● **Work task**: What is needed is an exact copy of the lines in the entries below from the one holding "Центральным элементом комнаты" through the one holding "STABILO - Stabilo", pictures excluded.

● **Excerpted data**:
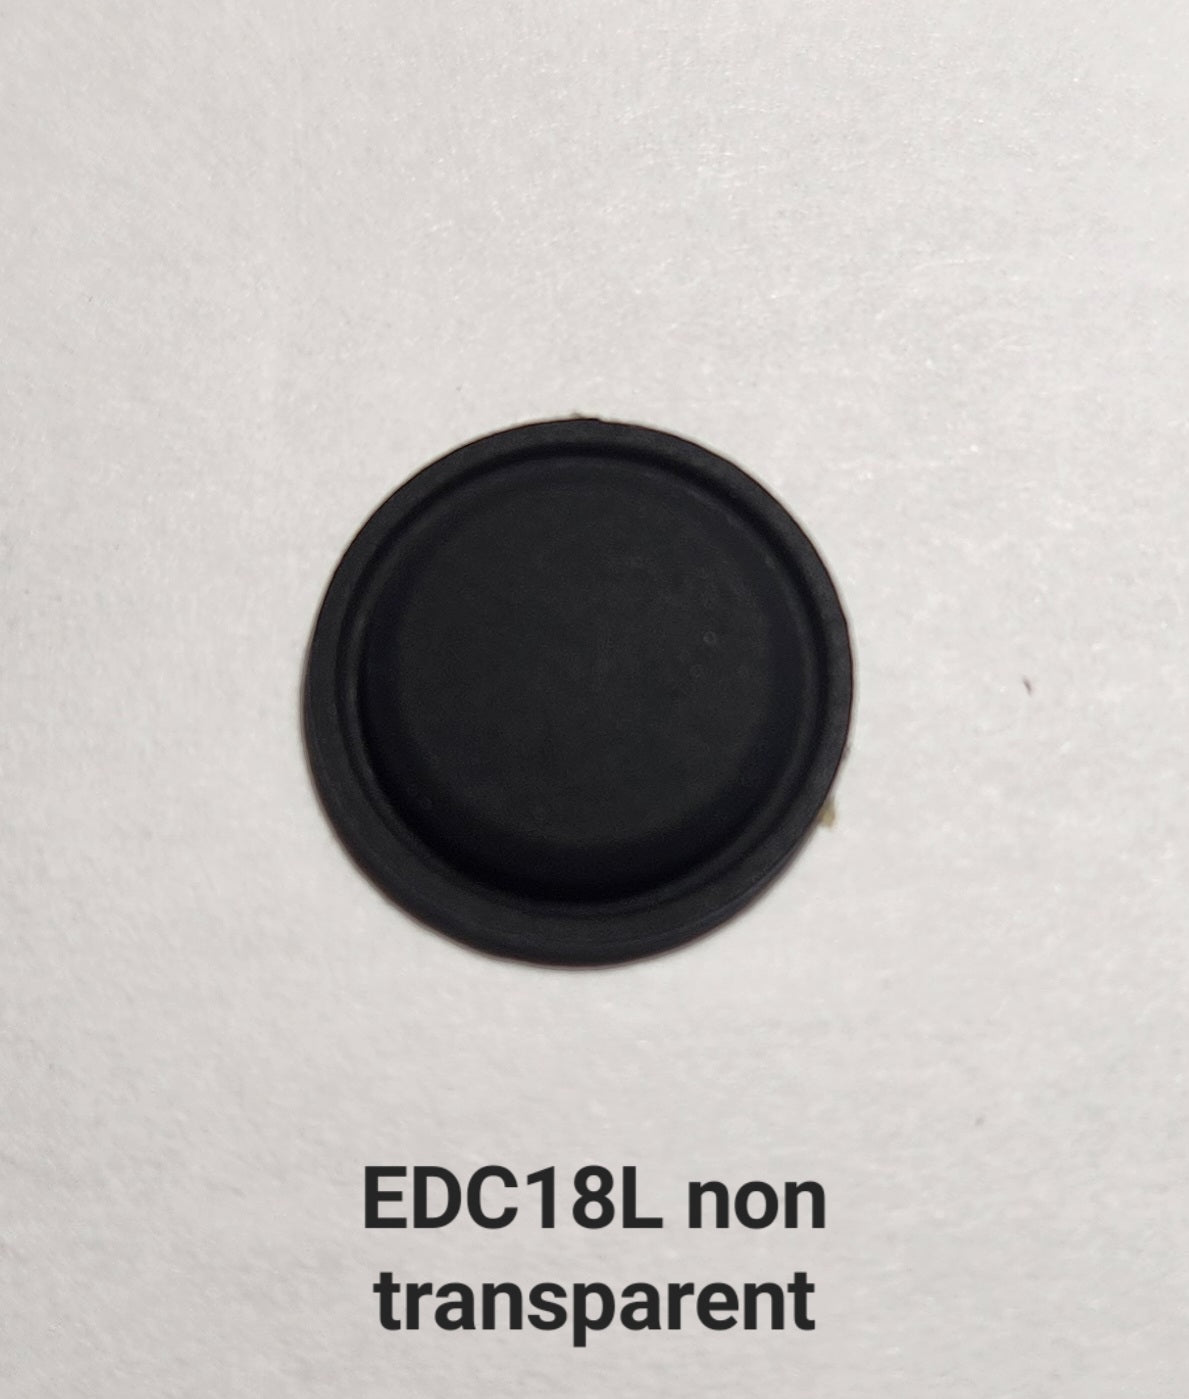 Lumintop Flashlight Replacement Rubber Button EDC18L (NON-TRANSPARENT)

---

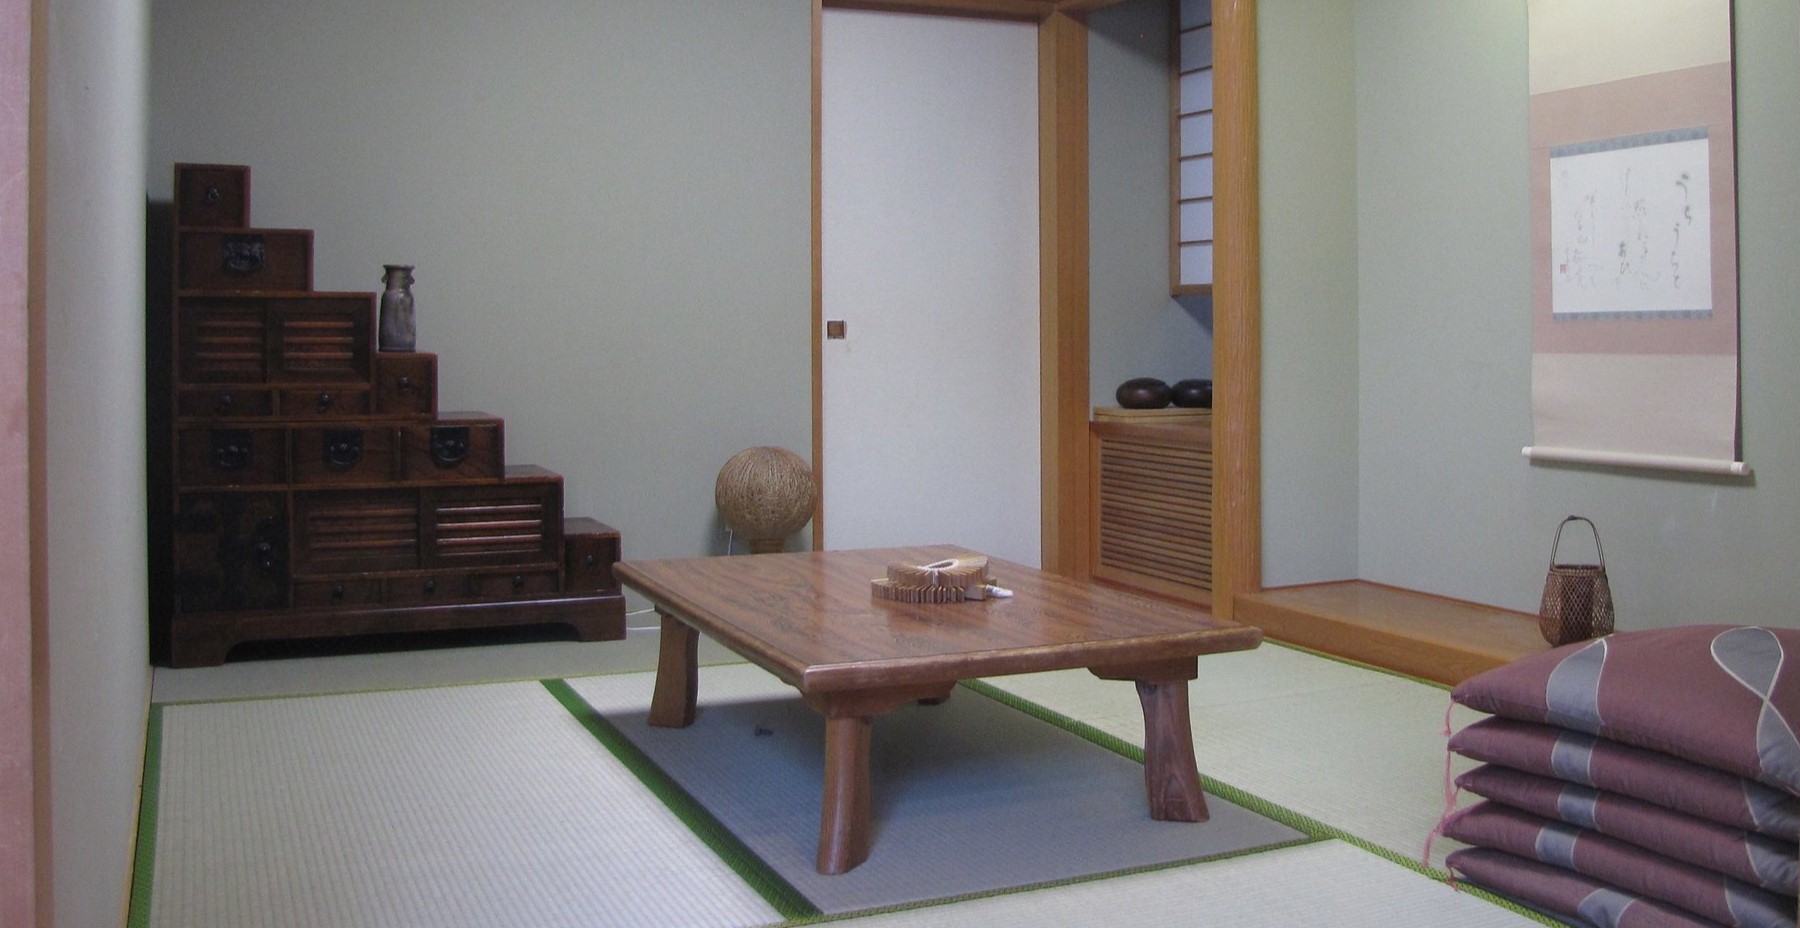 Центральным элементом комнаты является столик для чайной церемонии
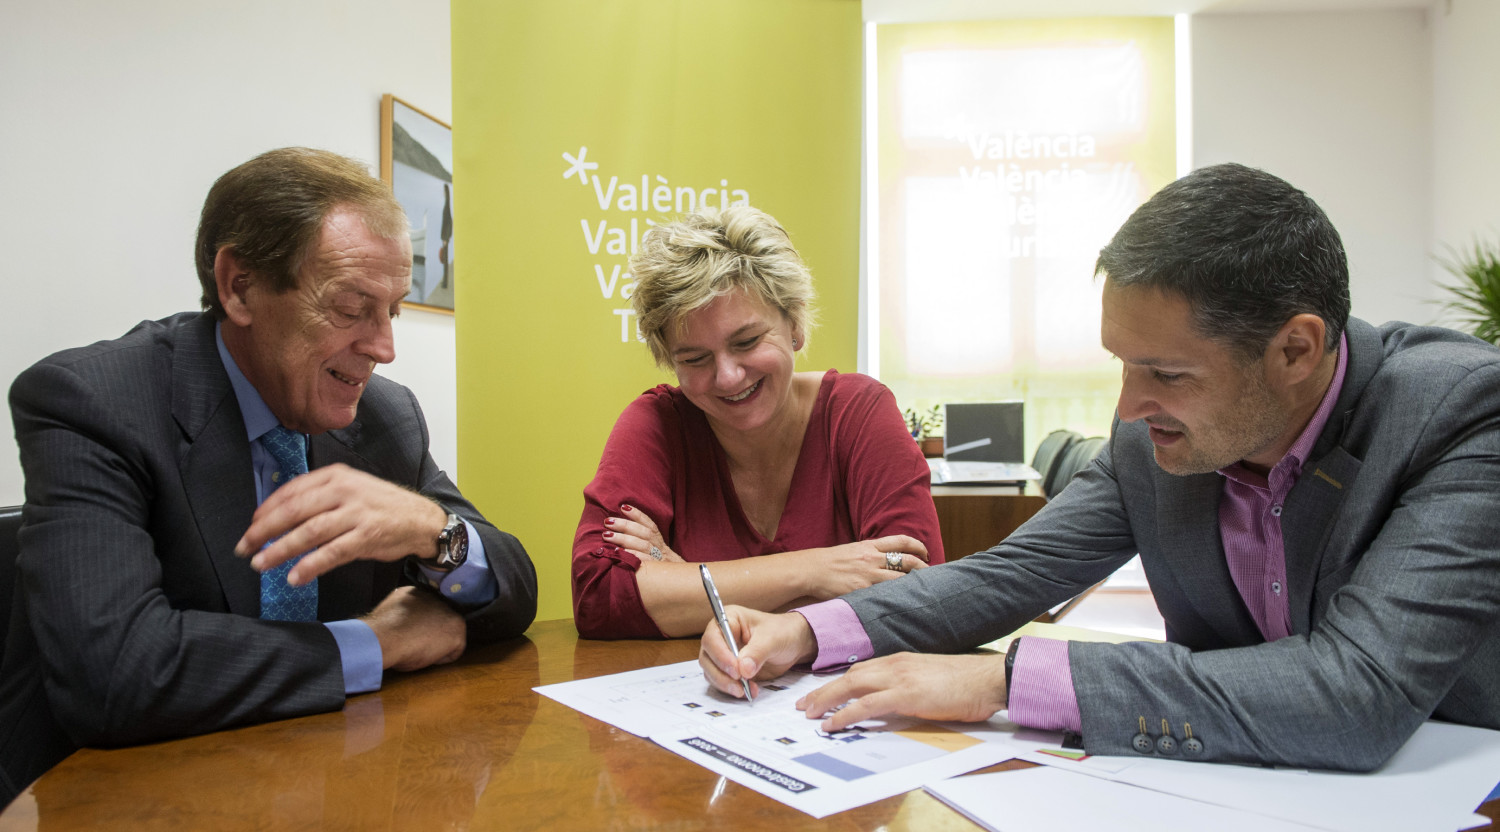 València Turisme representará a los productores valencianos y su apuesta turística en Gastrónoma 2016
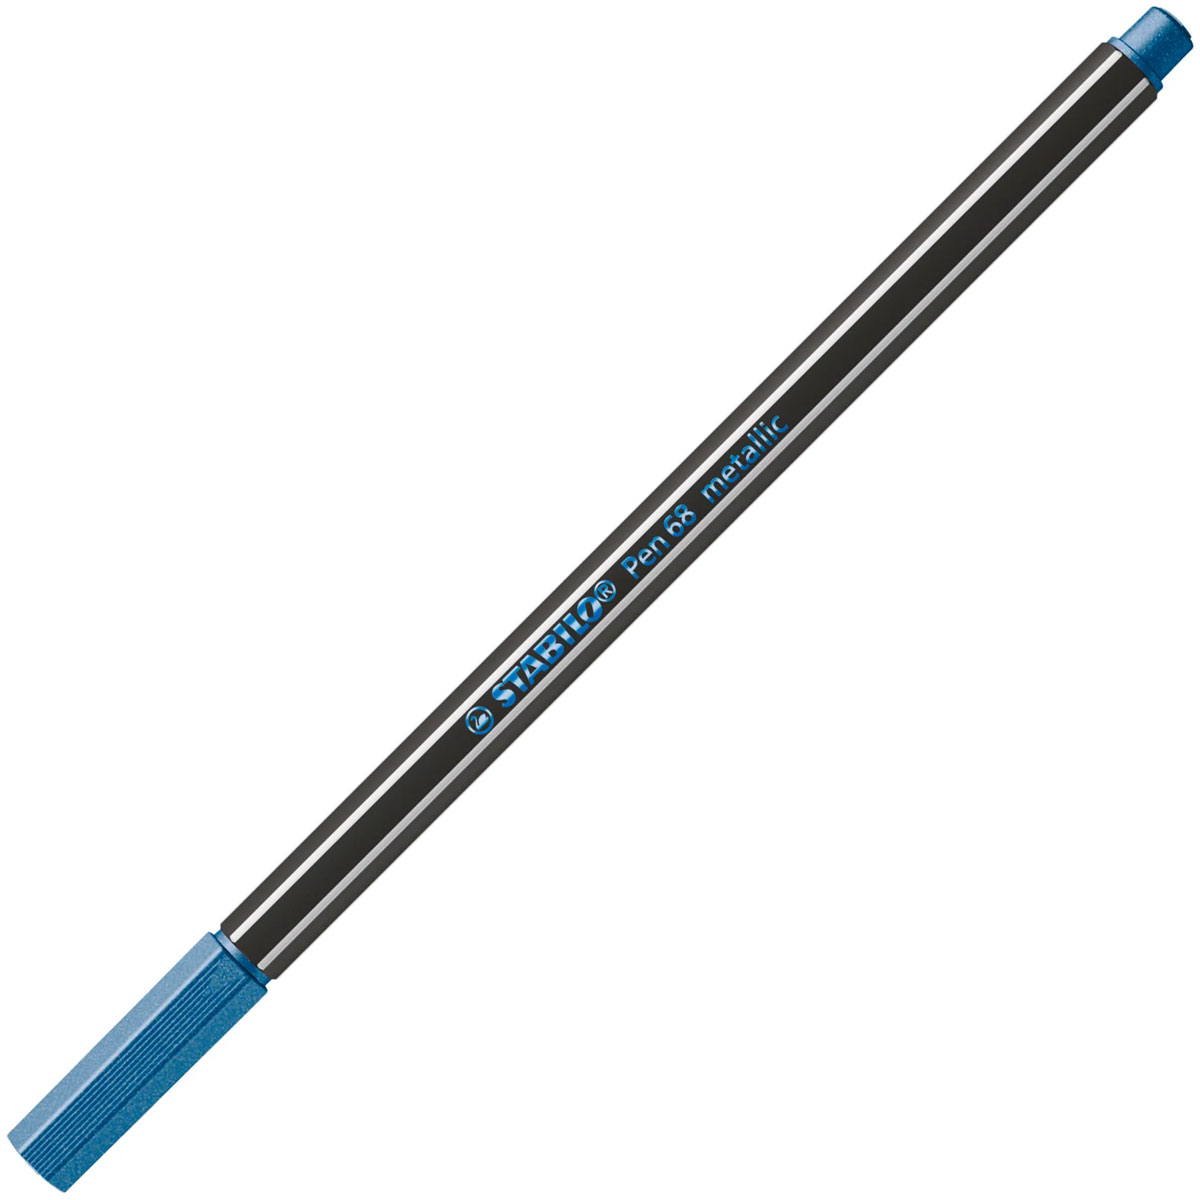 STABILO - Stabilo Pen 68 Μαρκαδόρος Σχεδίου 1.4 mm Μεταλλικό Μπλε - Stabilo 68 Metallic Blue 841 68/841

● **Task response**:
 Центральным элементом комнаты является столик для чайной церемонии
 València Turisme representará a los productores valencianos y su apuesta turística en Gastrónoma 2016
 STABILO - Stabilo Pen 68 Μαρκαδόρος Σχεδίου 1.4 mm Μεταλλικό Μπλε - Stabilo 68 Metallic Blue 841 68/841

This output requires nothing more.